Little Jaya Maharaj had barely opened her eyes to see the world when doctors whisked her to the operating room to fit her for a pacemaker. At 15 minutes old, she became one of the smallest recipients for her ailing heart.
Doctors at Stanford University’s Lucile Packard Children’s Hospital knew they had to race against time to save Jaya. The baby girl was born nine weeks early and had only hours to live without the life saving device.
26 year old Leanne Maharaj and her husband 31 year old Kamneel Maharaj were told during a routine prenatal visit that their baby’s heart rate was dangerously low. She had a congenital heart block where a mother’s immune system accidentally attacks the nerve fibers of the fetus that help the heart to beat.
The pair was told that the baby would have to be delivered as early as possible and then immediately operated upon to save her.
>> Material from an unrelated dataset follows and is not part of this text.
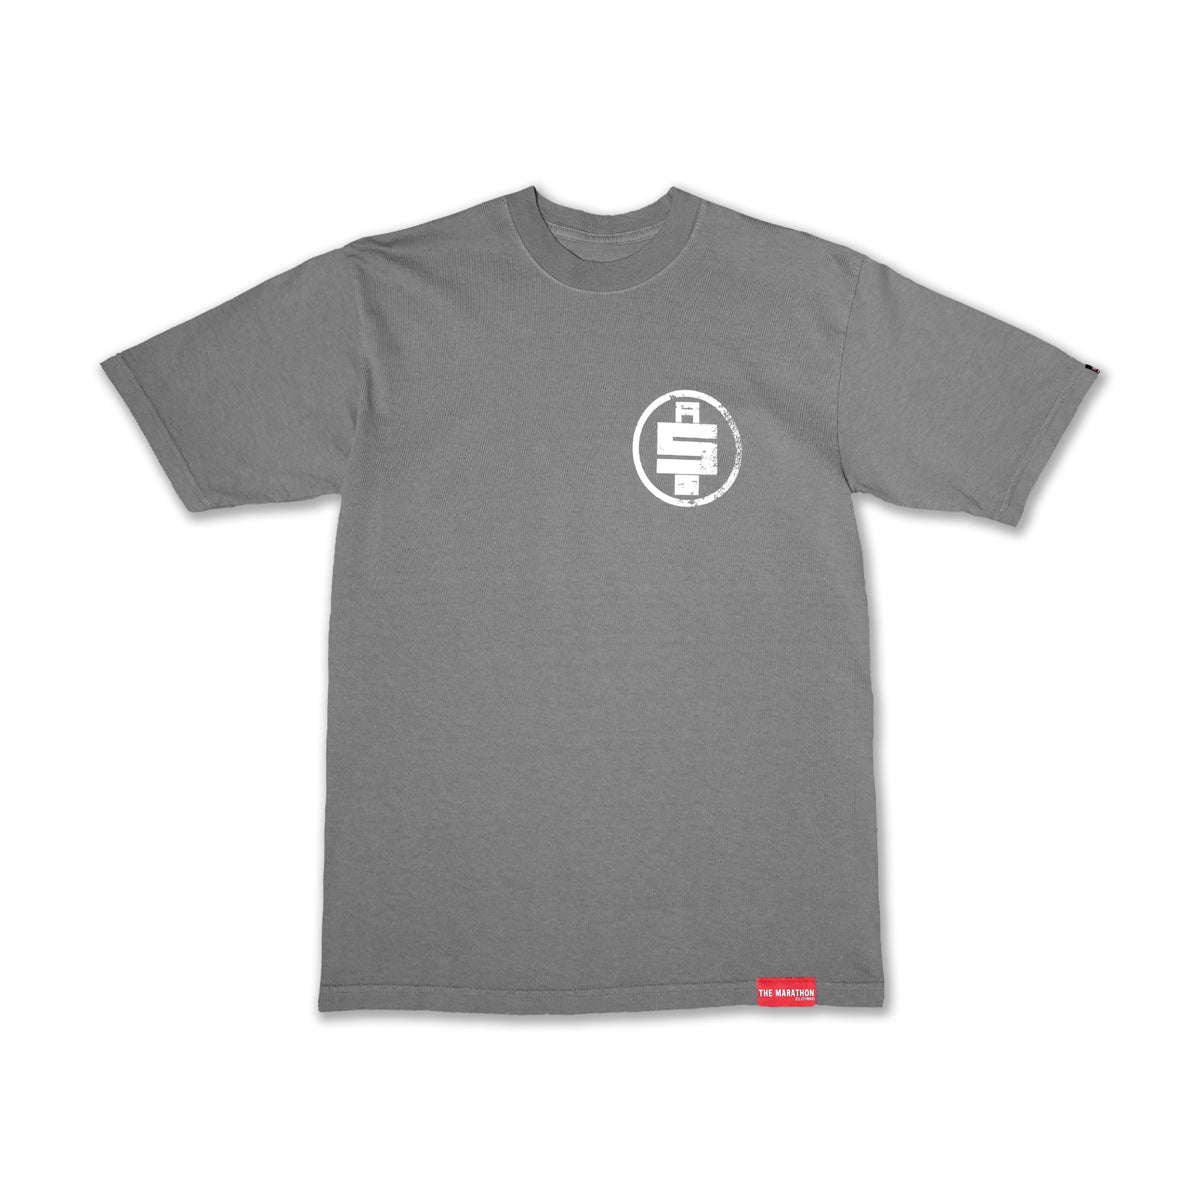 All Money In Vintage T-Shirt - Slate Grey/White - Front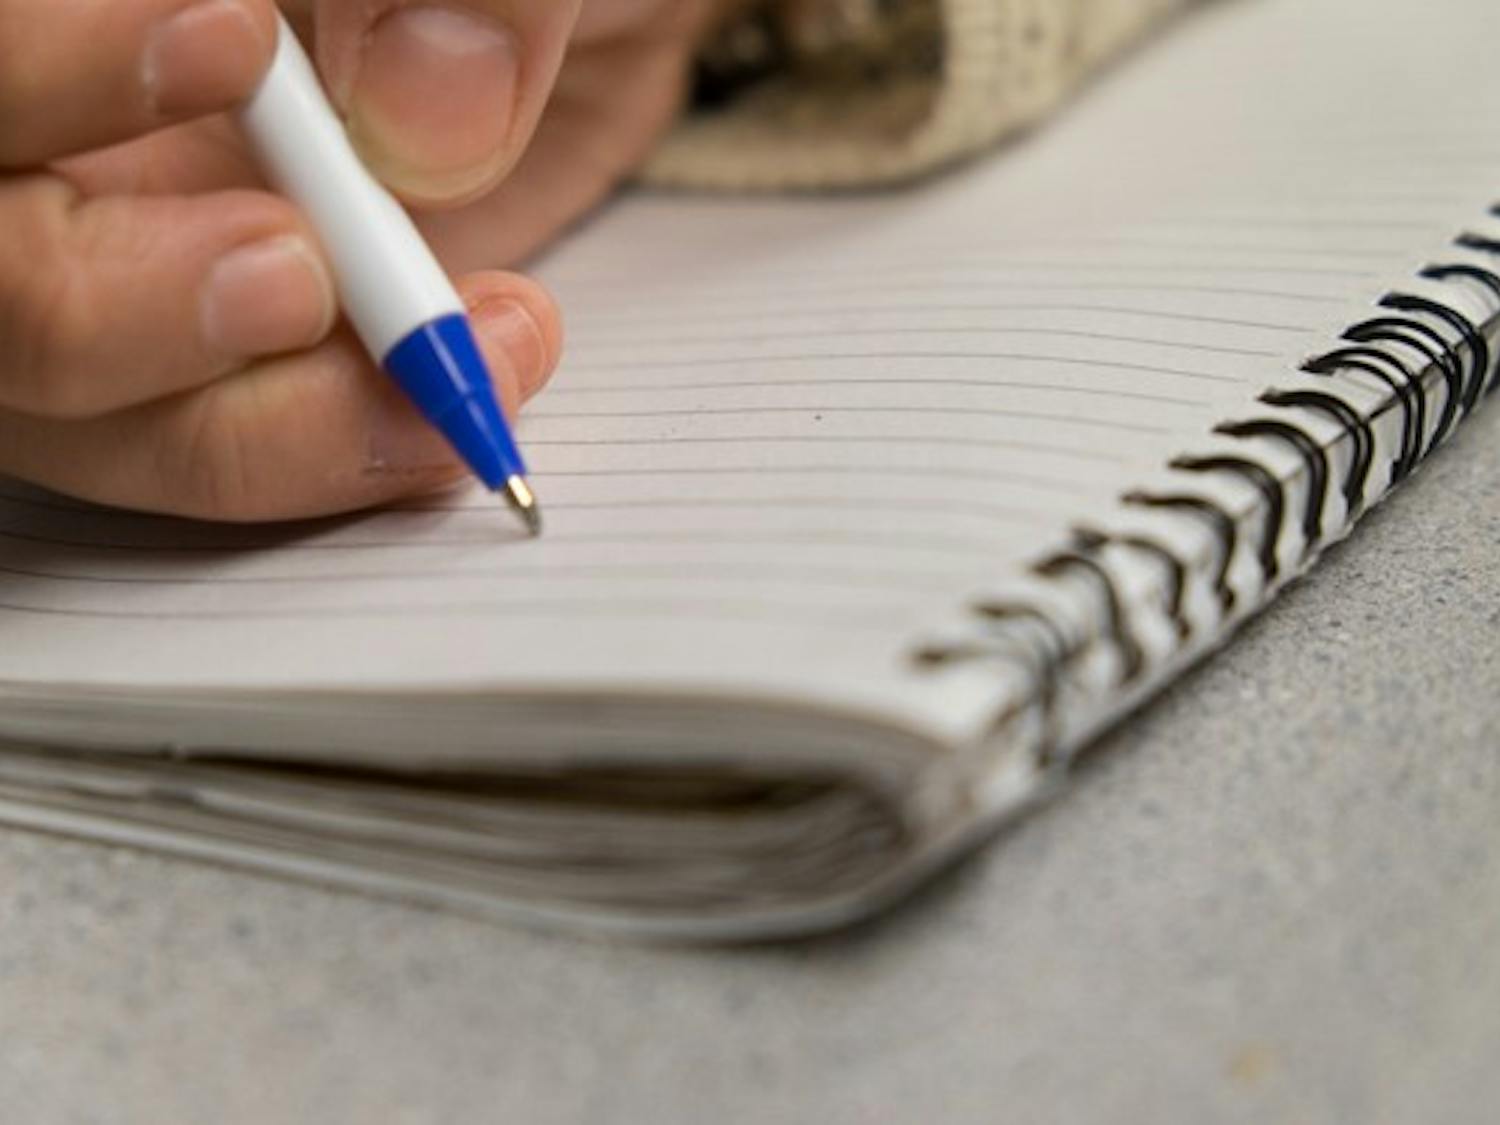 Numerous ASU professors are encouraging students to take handwritten notes in lieu of electronic notes. A study showed that students who write notes by hand do better on exams. (Photo illustration by Andrew Ybanez)

The parents waited for the baby girl to grow as strong as possible before this surgery.
“We were worried, but at the same time we were hopeful that she was fighting inside and doing the best she can,” said Kamneel Maharaj, an information technology manager at Silicon Valley.
What was critical to saving her was to decide the exact moment of delivery, says Dr. Valerie Chock, the neonatologist who counseled the couple. The fetus should be delivered as soon as possible but also be given time to develop organs well that help her survive outside the womb.
“Unfortunately, a lot of babies in this position don’t even survive childbirth,” Chock said.
It was then decided that Baby Jaya be born at 31 weeks. A team of 20 medical staff helped deliver an otherwise healthy 3.5 pound baby. But her heart beat was incredibly slow and surgeons decided to operate upon her immediately.
Dr. Katsuhide Maeda’s steady hand stitched the pacemaker’s electrical leads to Jaya’s walnut-sized heart.
He said, “”The only way to save this baby was to deliver the baby right away and then the pacemaker,”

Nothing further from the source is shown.